_Exercise material:_
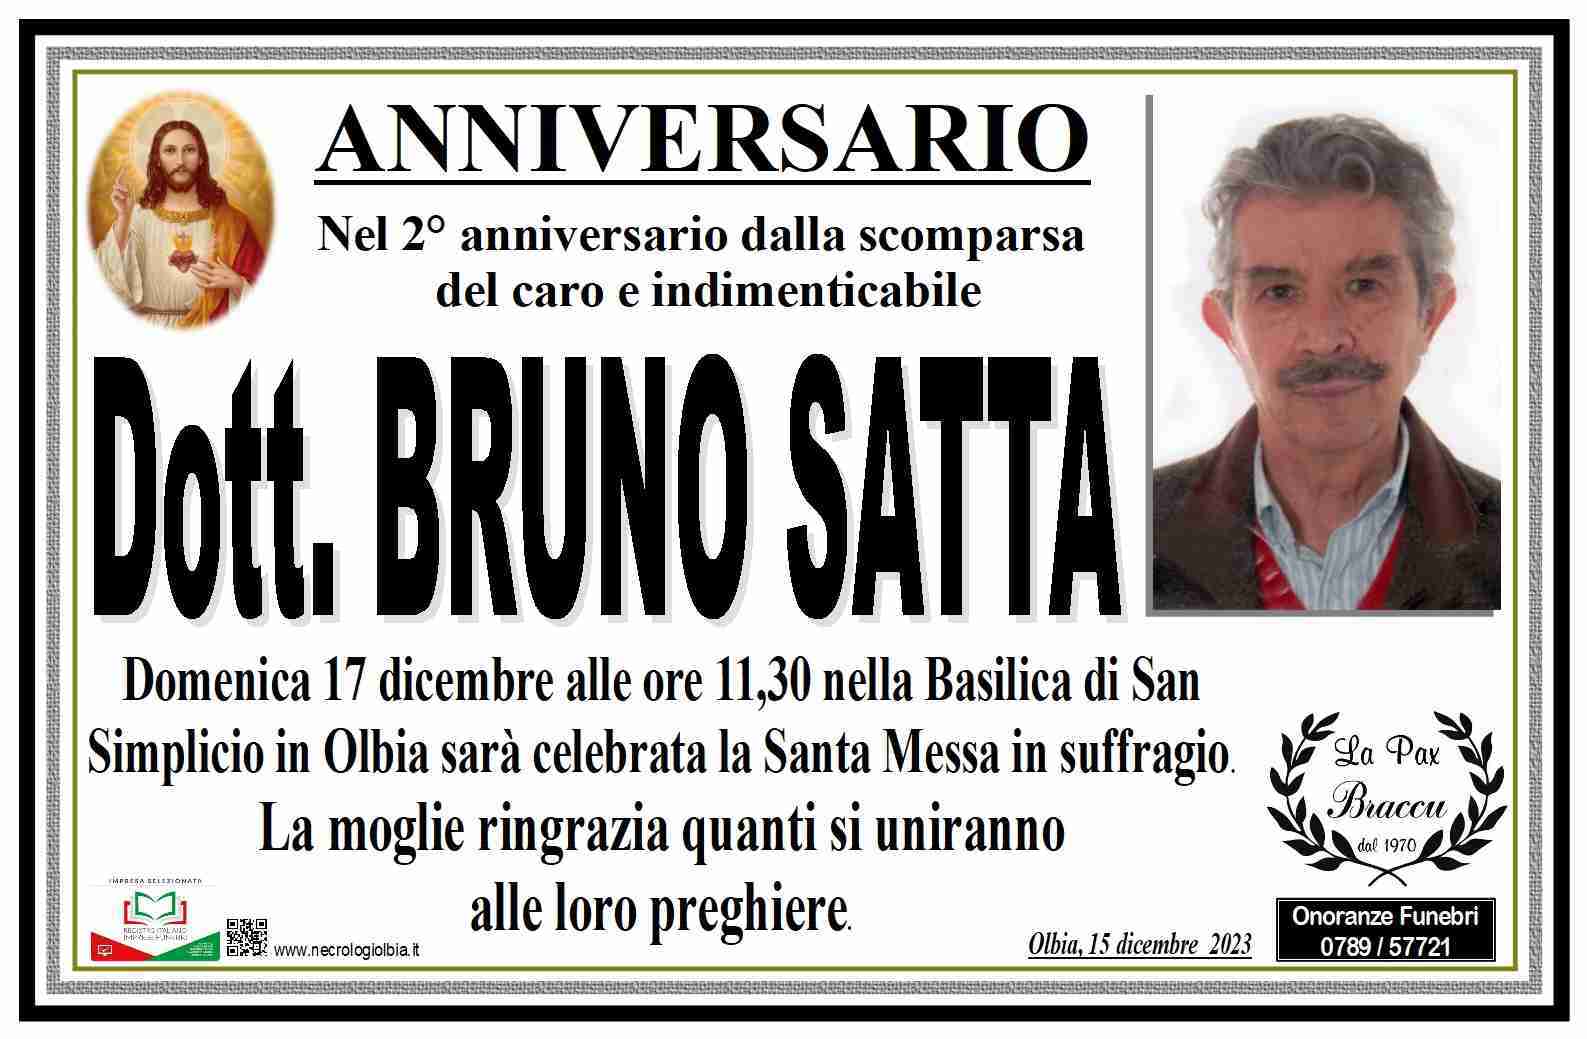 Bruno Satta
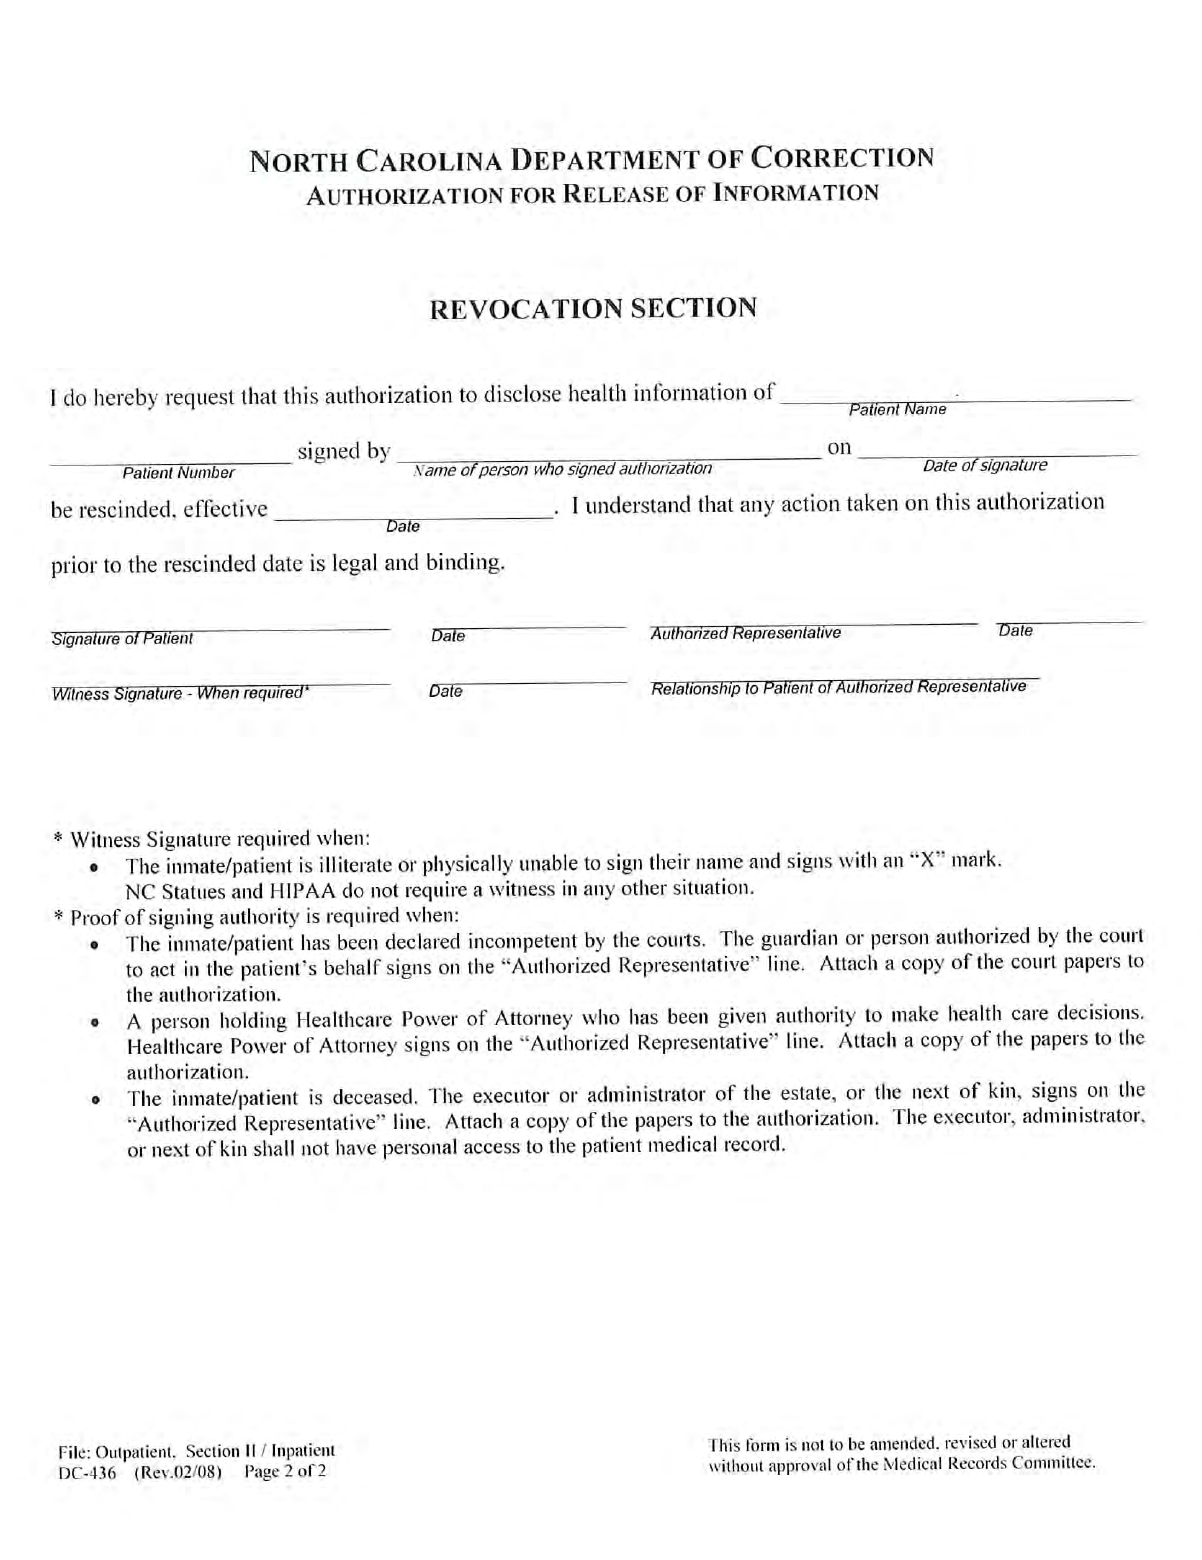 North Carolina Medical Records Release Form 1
* * *
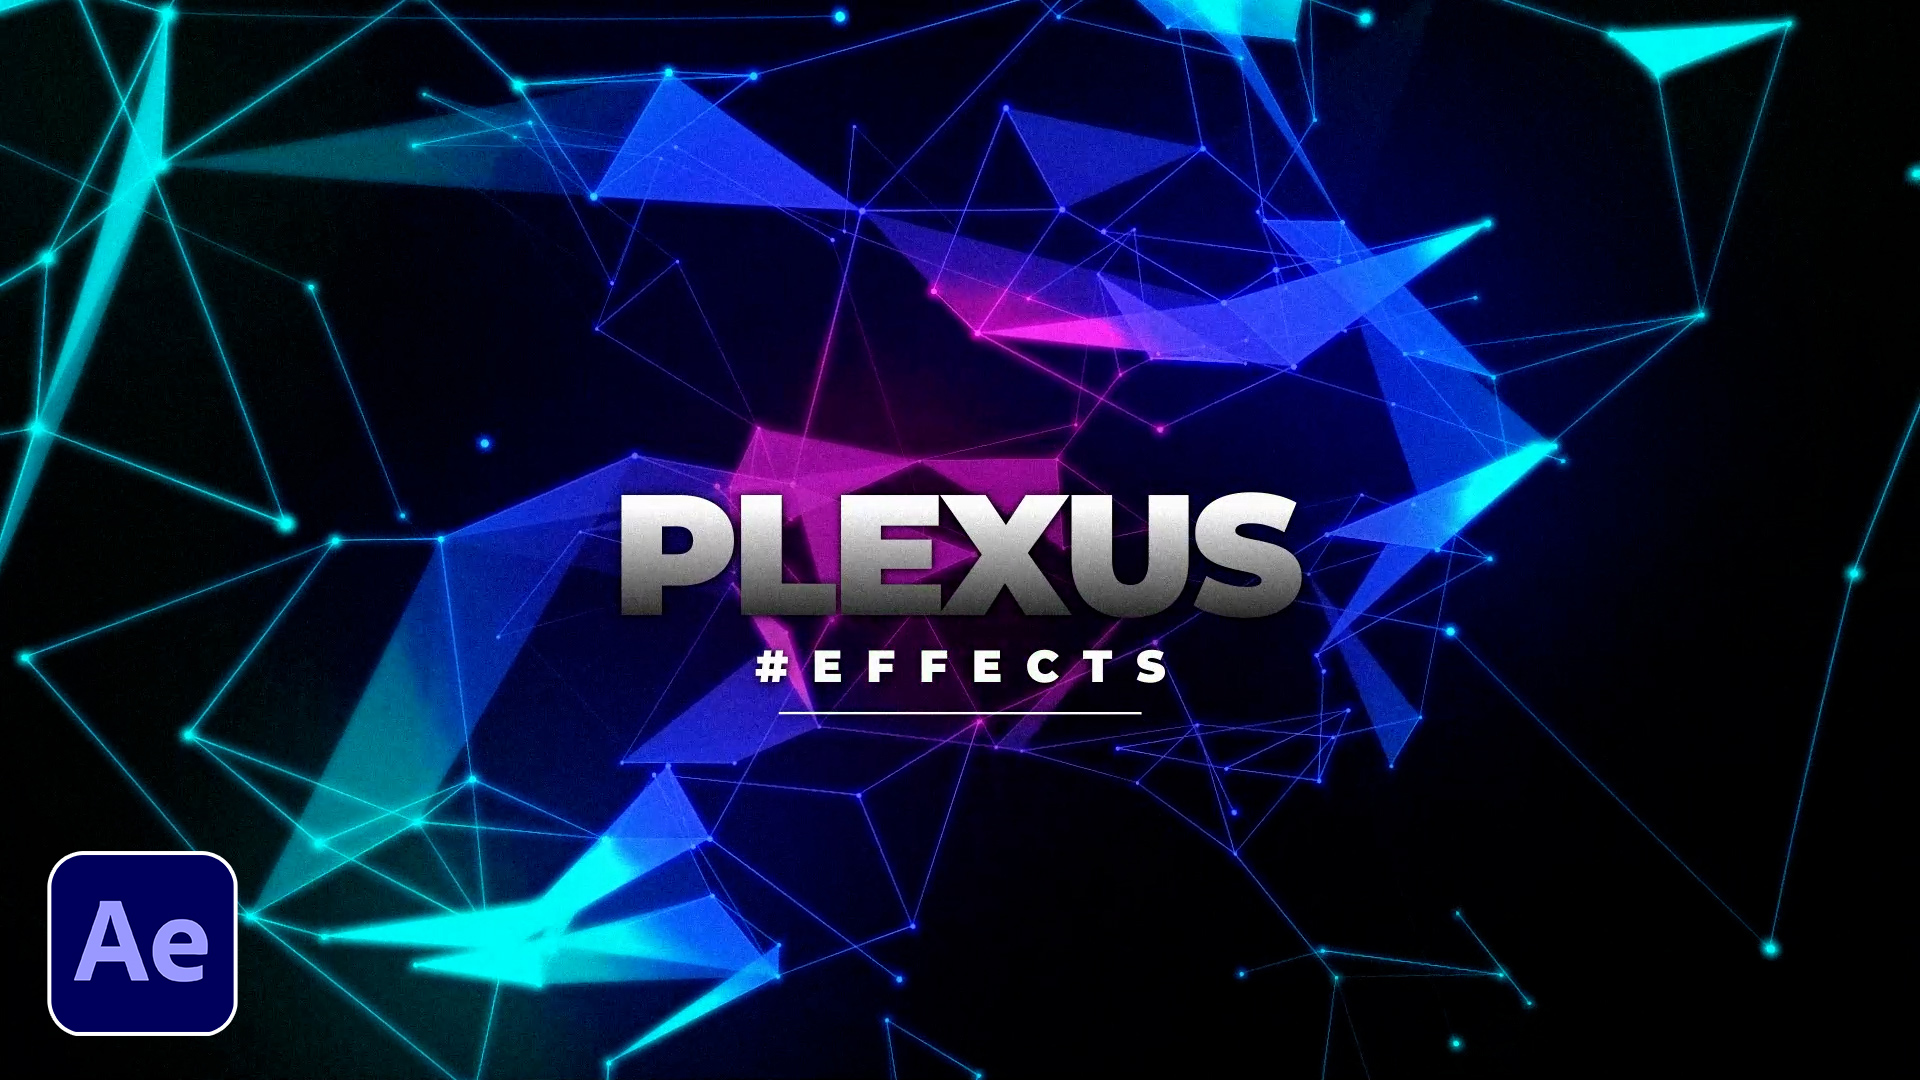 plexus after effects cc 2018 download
...
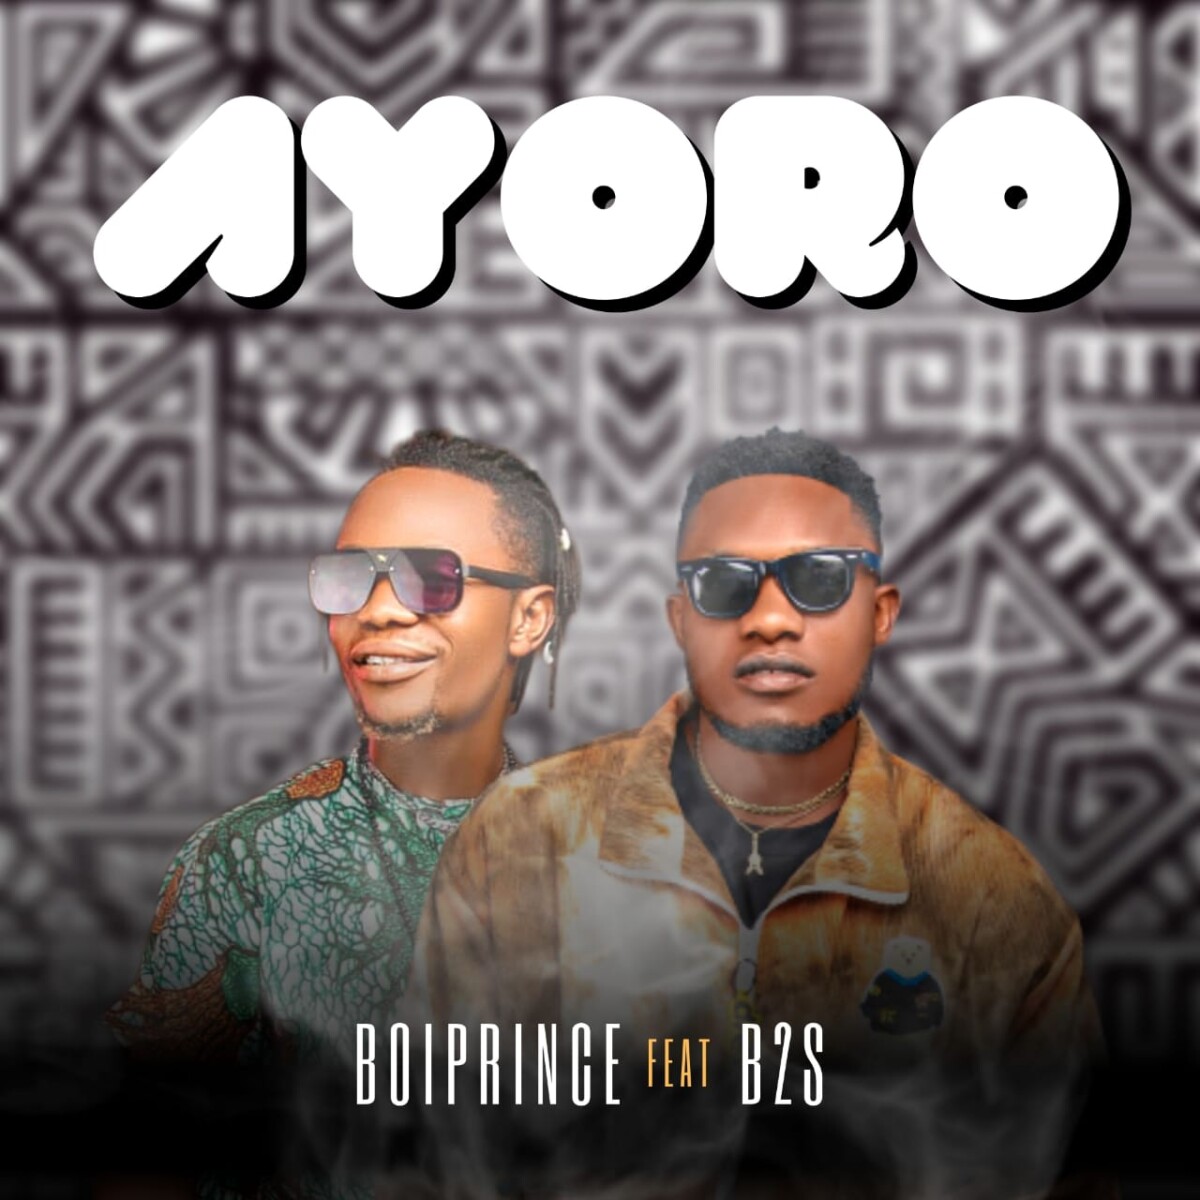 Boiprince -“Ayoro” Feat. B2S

_Work request:_
From the listing above, repeat only the lines between the line containing "Bruno Satta" and the line containing "North Carolina Medical", those two included. Pictures are not part of the copy.

_Completed task:_
 Bruno Satta
 North Carolina Medical Records Release Form 1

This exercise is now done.